Dark clouds gathering
SuperMex went head-to-head with the Golden Bear
again during the 1974 PGA Championship at
Tanglewood, paired together in the final group on
Sunday. Nicklaus birdied 5, then accidentally put his
putter in Trevino’s bag, an act which momentarily
confused everyone at the next green. A
grinning Trevino tried to strike a deal as he handed the
flat stick back. “Hey man, you’re tryin’ to give me 15
clubs and a two-stroke penalty! Tell you what, I’ll take
the two if you promise not to use that thing for the rest
of the round.”
Tanglewood was the bizarro Augusta, a course set up
perfectly for Trevino’s fade. A rare exception was the
dog-leg left 17th, but he nevertheless hit the shot of his
life there en route to the title. Two shots clear of
Nicklaus, he decided to go for broke, hooking his drive
around the corner. “Nicklaus looked at me as though I
had just lost my mind. Hell, I was surprised too. I’ve
never been able to draw the ball too well! I got so excited
I hit a 4-iron to 20 feet… and then three-putted.” But
his latest gamble paid off nonetheless. Trevino argues
that Nicklaus was still discombobulated when lining
up a 10-foot birdie putt on the green. Nicklaus missed
his chance to tie it up, and Trevino closed things out
down the last. It was his fifth Major in six seasons.
Who knows how much longer that run would have
continued, but for that flash from the Illinois sky the
following summer? That lightning bolt wreaked havoc
with Trevino’s back. A herniated disc required two
surgeries. Meanwhile his nerves were understandably
shot, the putter suddenly not so reliable. The glory days
appeared over. Yet there was to be one last hurrah. This
is Trevino; there simply had to be. In 1984, at the age of
44, he once again found himself in the final group of
the PGA. Dark clouds gathered menacingly over Shoal
Creek, thunder grumbling ominously mid-round.
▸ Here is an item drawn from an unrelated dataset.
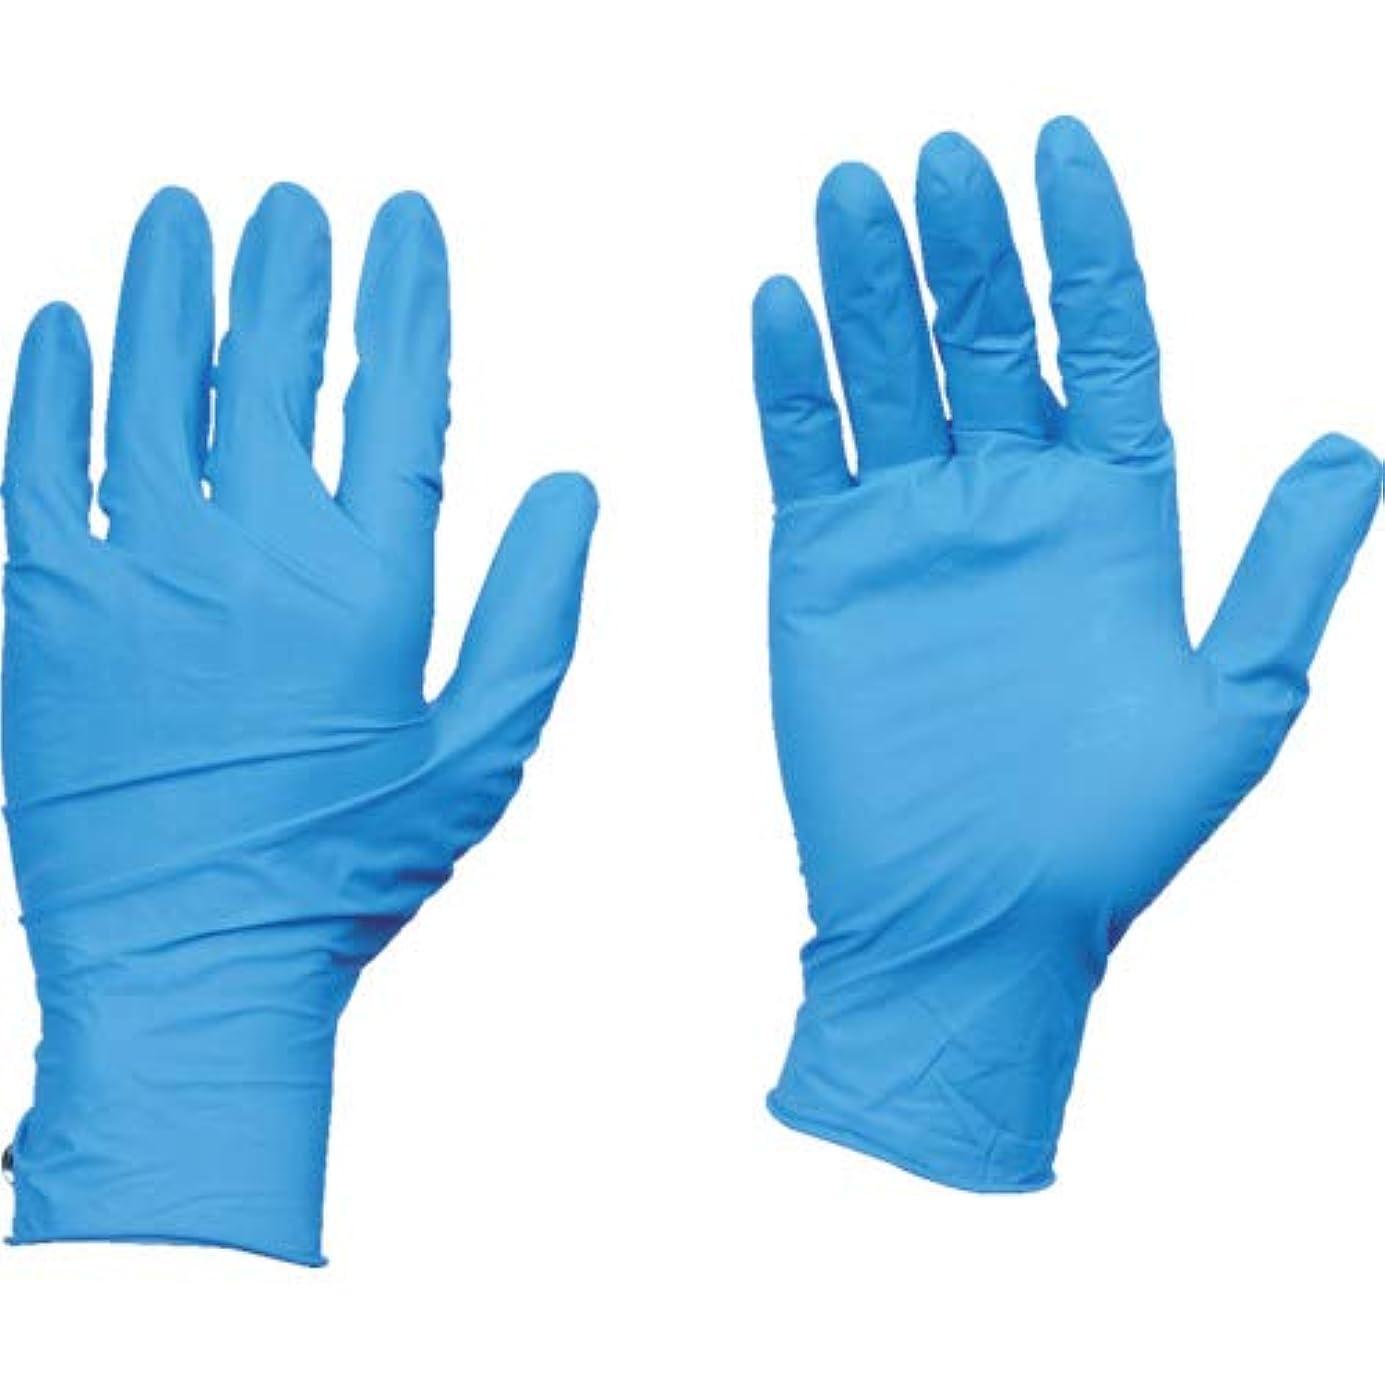 咲く印象的な電卓TRUSCO(トラスコ) 10箱入り 使い捨て天然ゴム手袋TGワーク 0.10 粉付青L TGPL10BL10C

But
this time there would be no brazen tempting of fate,
nor would lightning strike twice. Trevino and partners
sensibly took shelter in a nearby house, where a mid-
round feast of chocolate-chip cookies, popcorn and
iced tea was spread out. When the storm abated, a
suitably refreshed Trevino went back out and romped
home by four shots. The Wanamaker Trophy was soon
swapped for two beers, one in each hand. “You may as
well get a funnel, because I won’t even taste the first
four!” Nobody begrudged the beloved Trevino a drop.
Not least because, given everything life had thrown at
him, he’d had to fight for his right to party.